## AIM OF THE EXERCISE
An exact copy of every record below is needed, with all pictures removed.
╭─ DATA TO USE
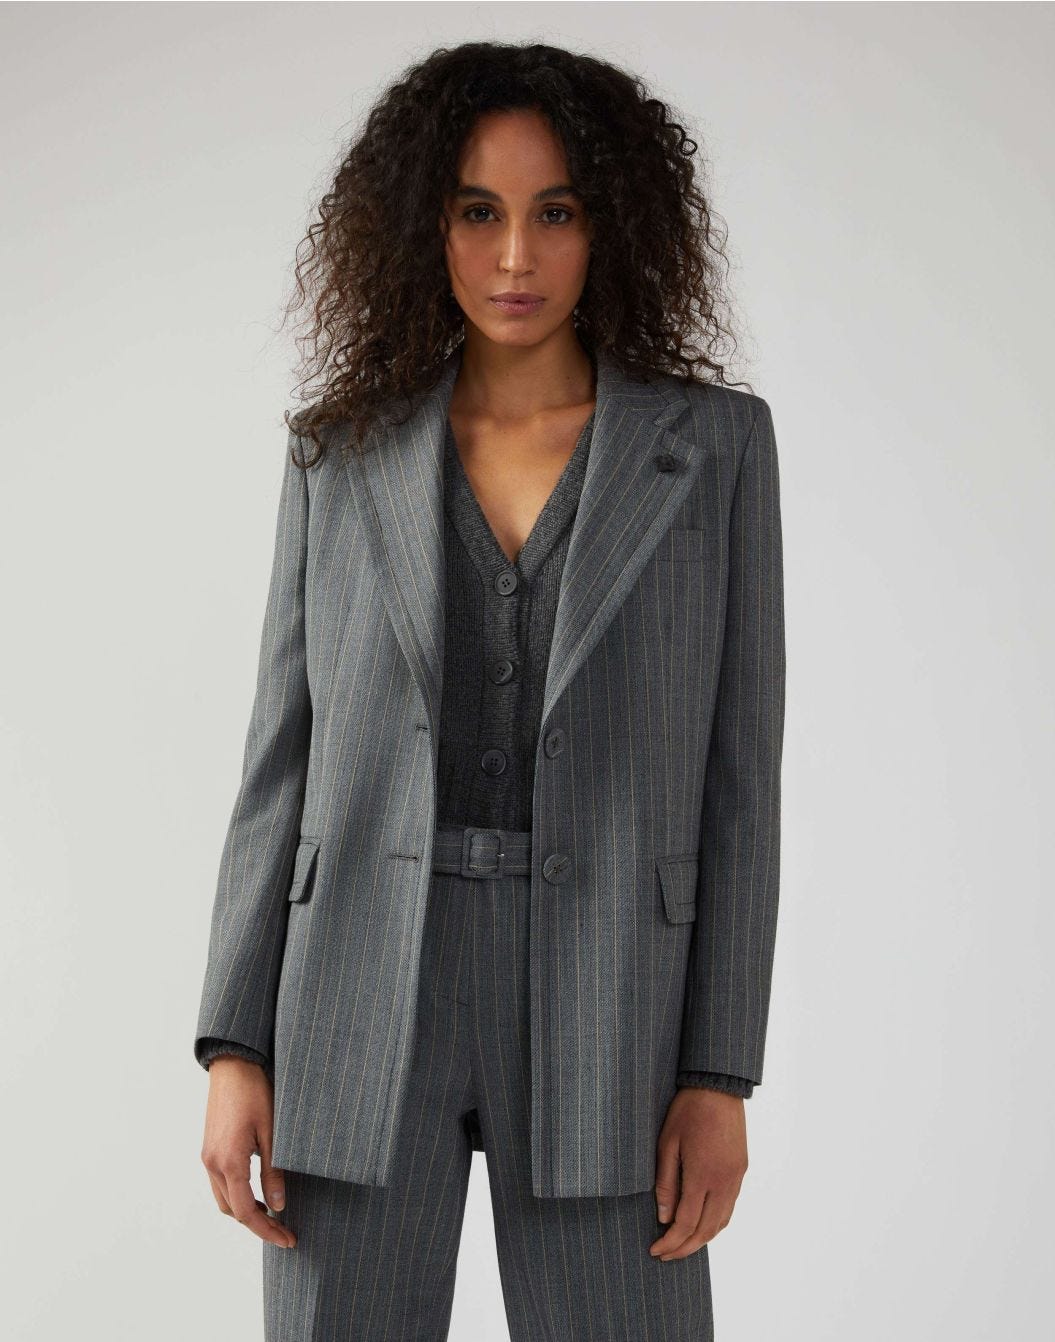 Single-breasted pinstripe jacket in grey and beige 
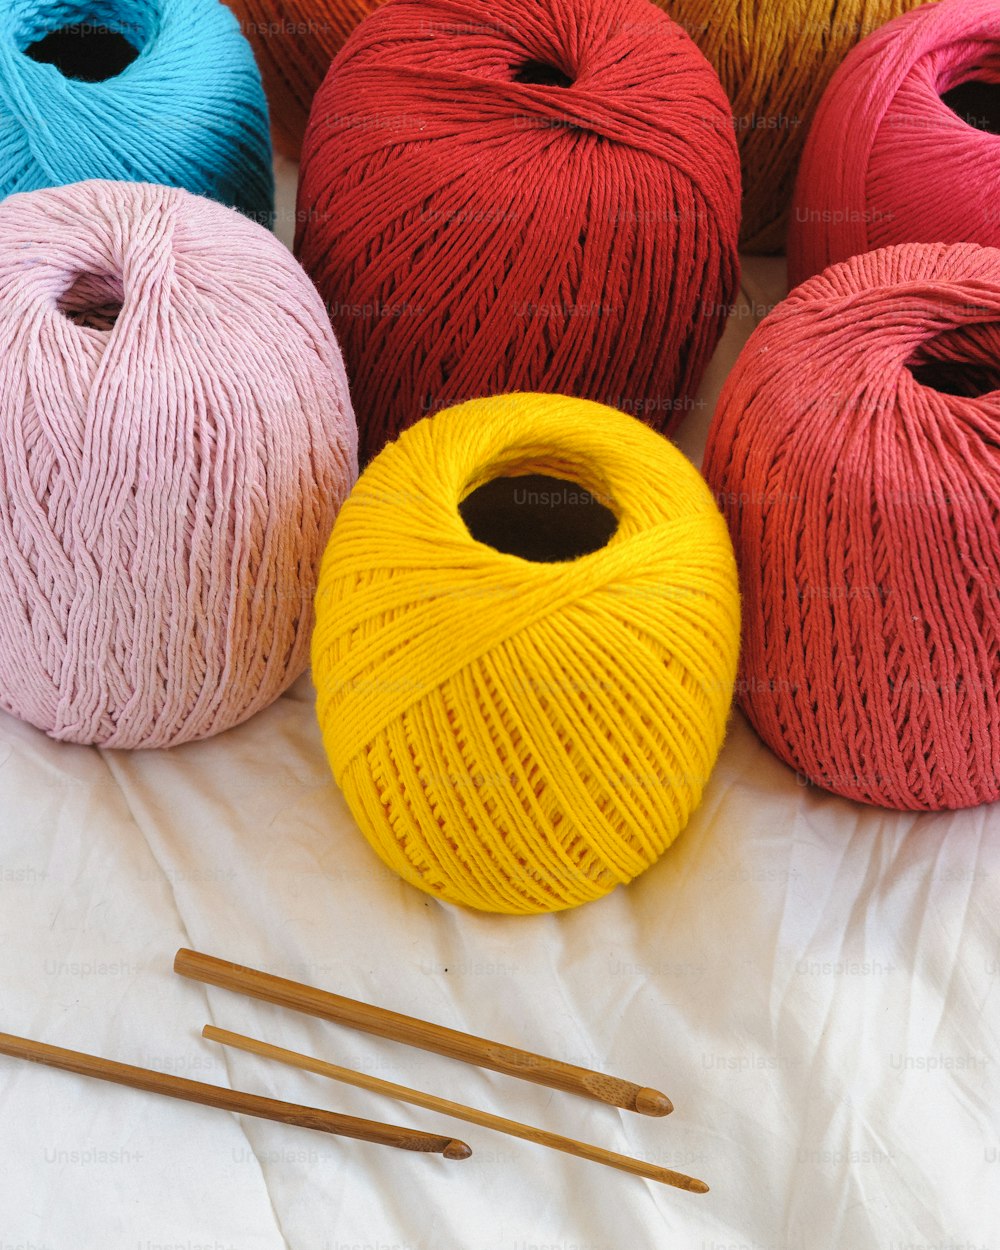 a group of balls of yarn next to knitting needles
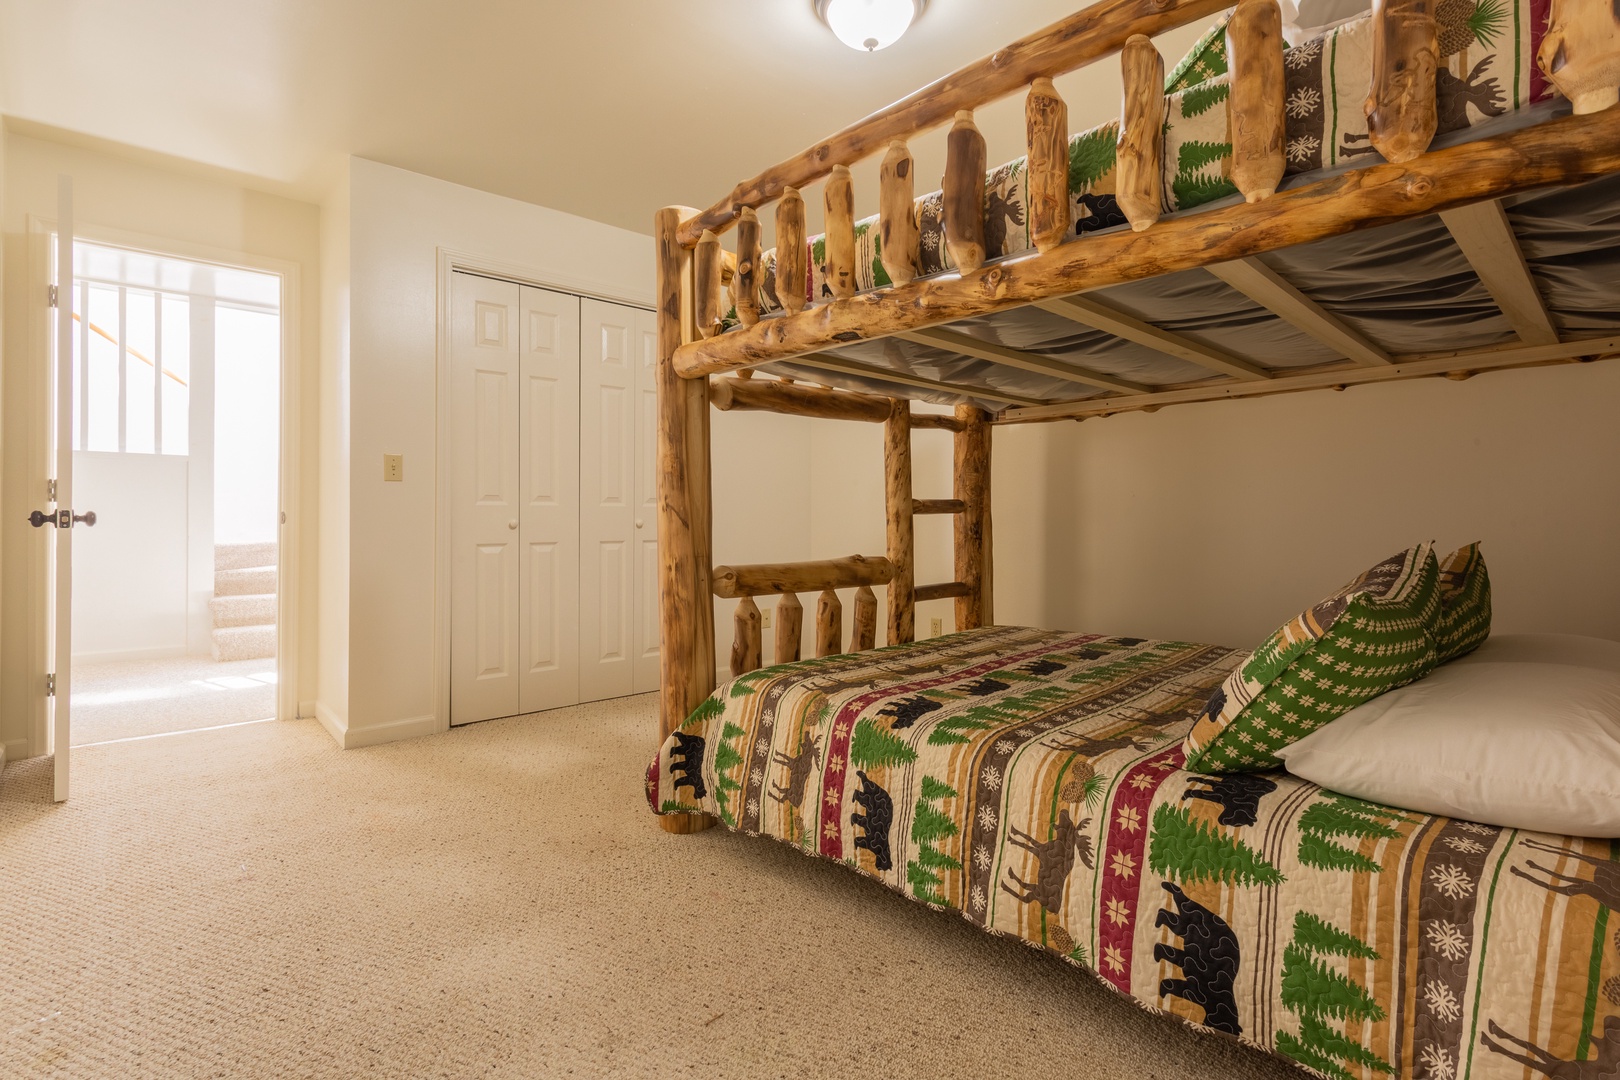 Bunkbeds at 1 Crazy Cub, a 4 bedroom cabin rental located in Pigeon Forge
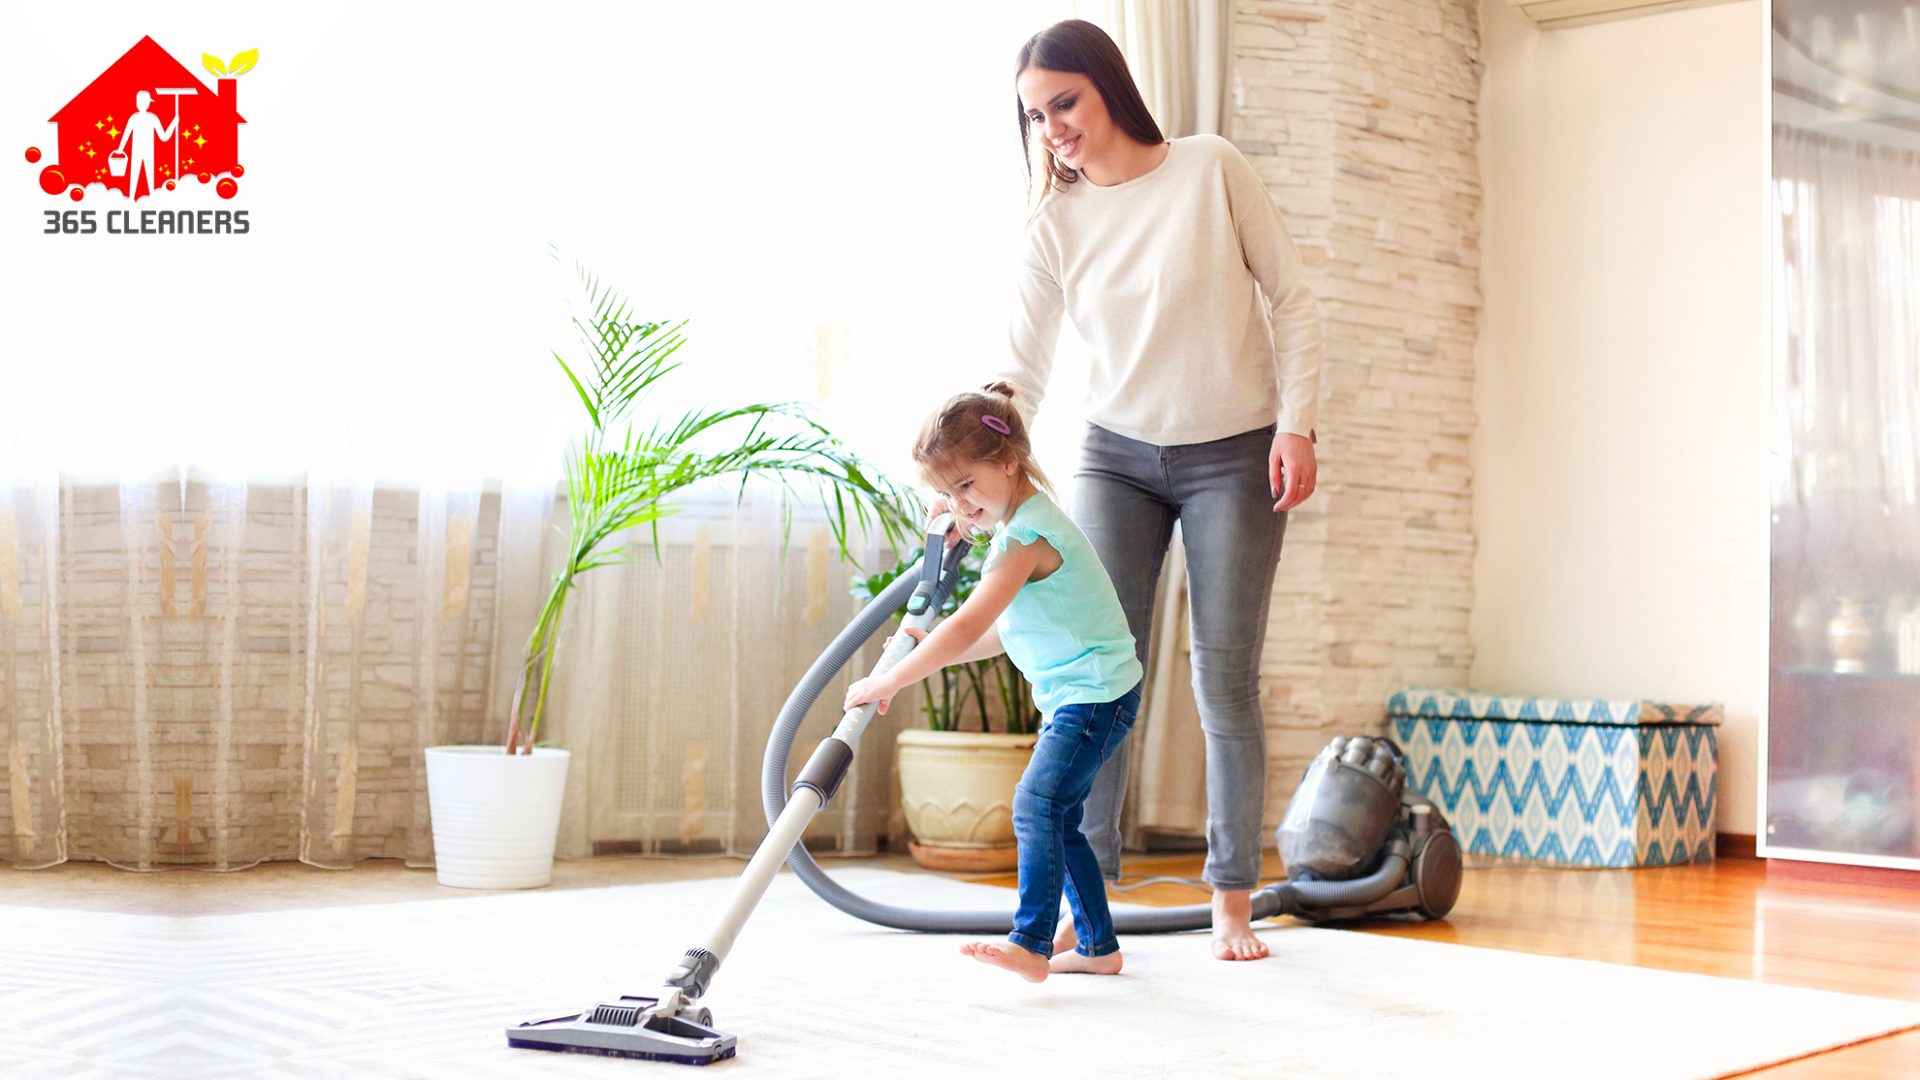 Carpet Cleaning in homes with Kids and Seniors
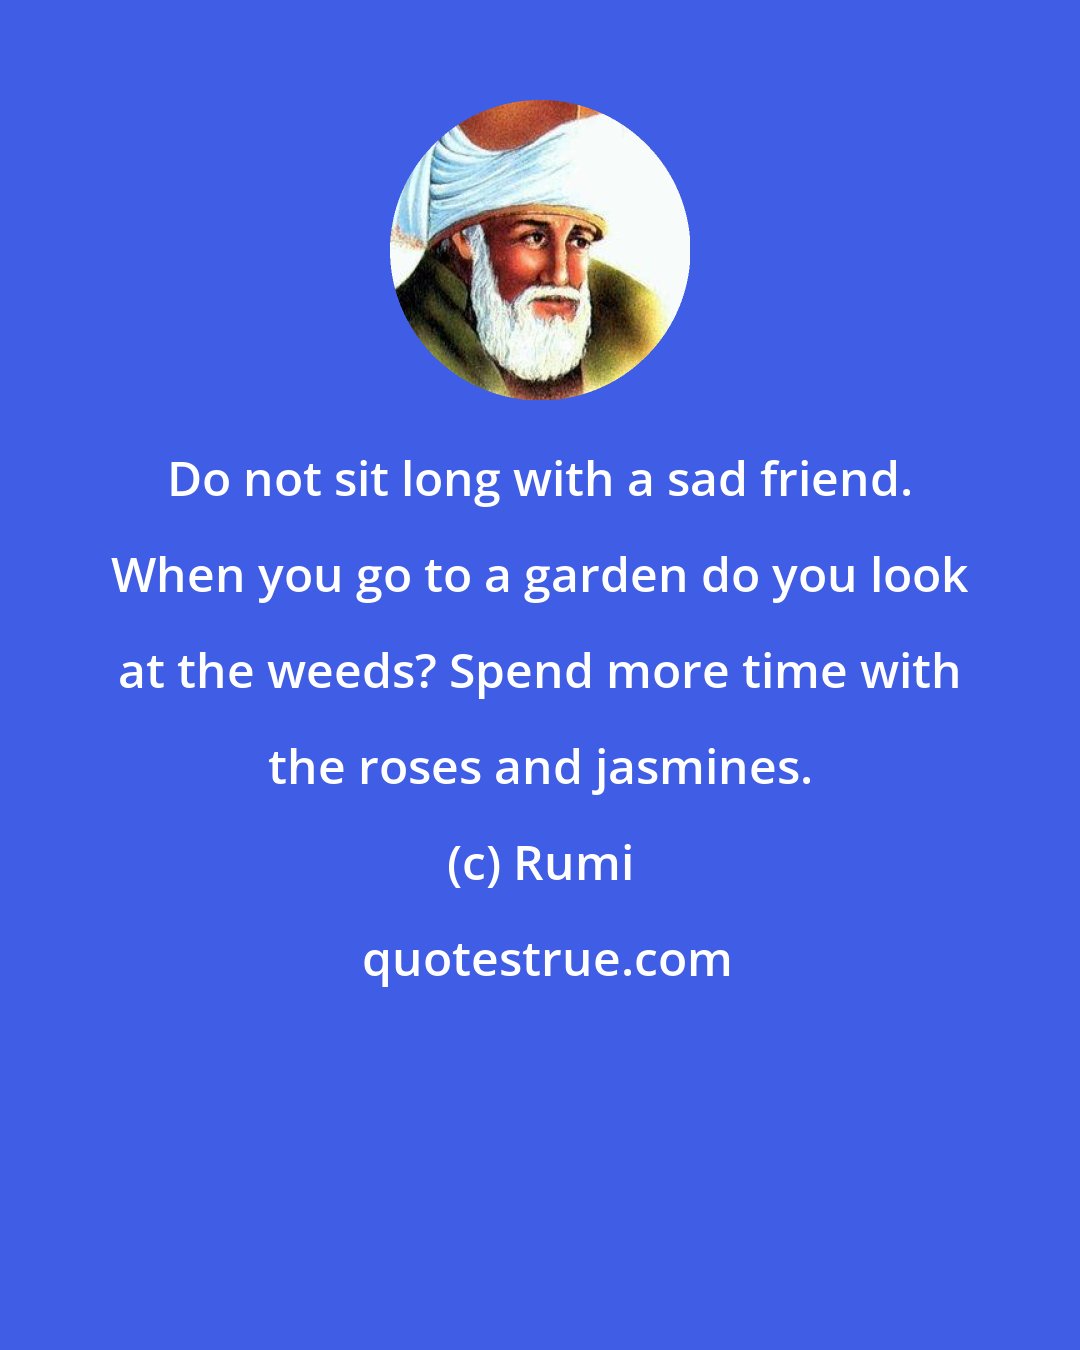 Rumi: Do not sit long with a sad friend. When you go to a garden do you look at the weeds? Spend more time with the roses and jasmines.
╰─
## ANSWER FOR THIS EXERCISE
 Single-breasted pinstripe jacket in grey and beige 
 a group of balls of yarn next to knitting needles
 Bunkbeds at 1 Crazy Cub, a 4 bedroom cabin rental located in Pigeon Forge
 Carpet Cleaning in homes with Kids and Seniors
 Rumi: Do not sit long with a sad friend. When you go to a garden do you look at the weeds? Spend more time with the roses and jasmines.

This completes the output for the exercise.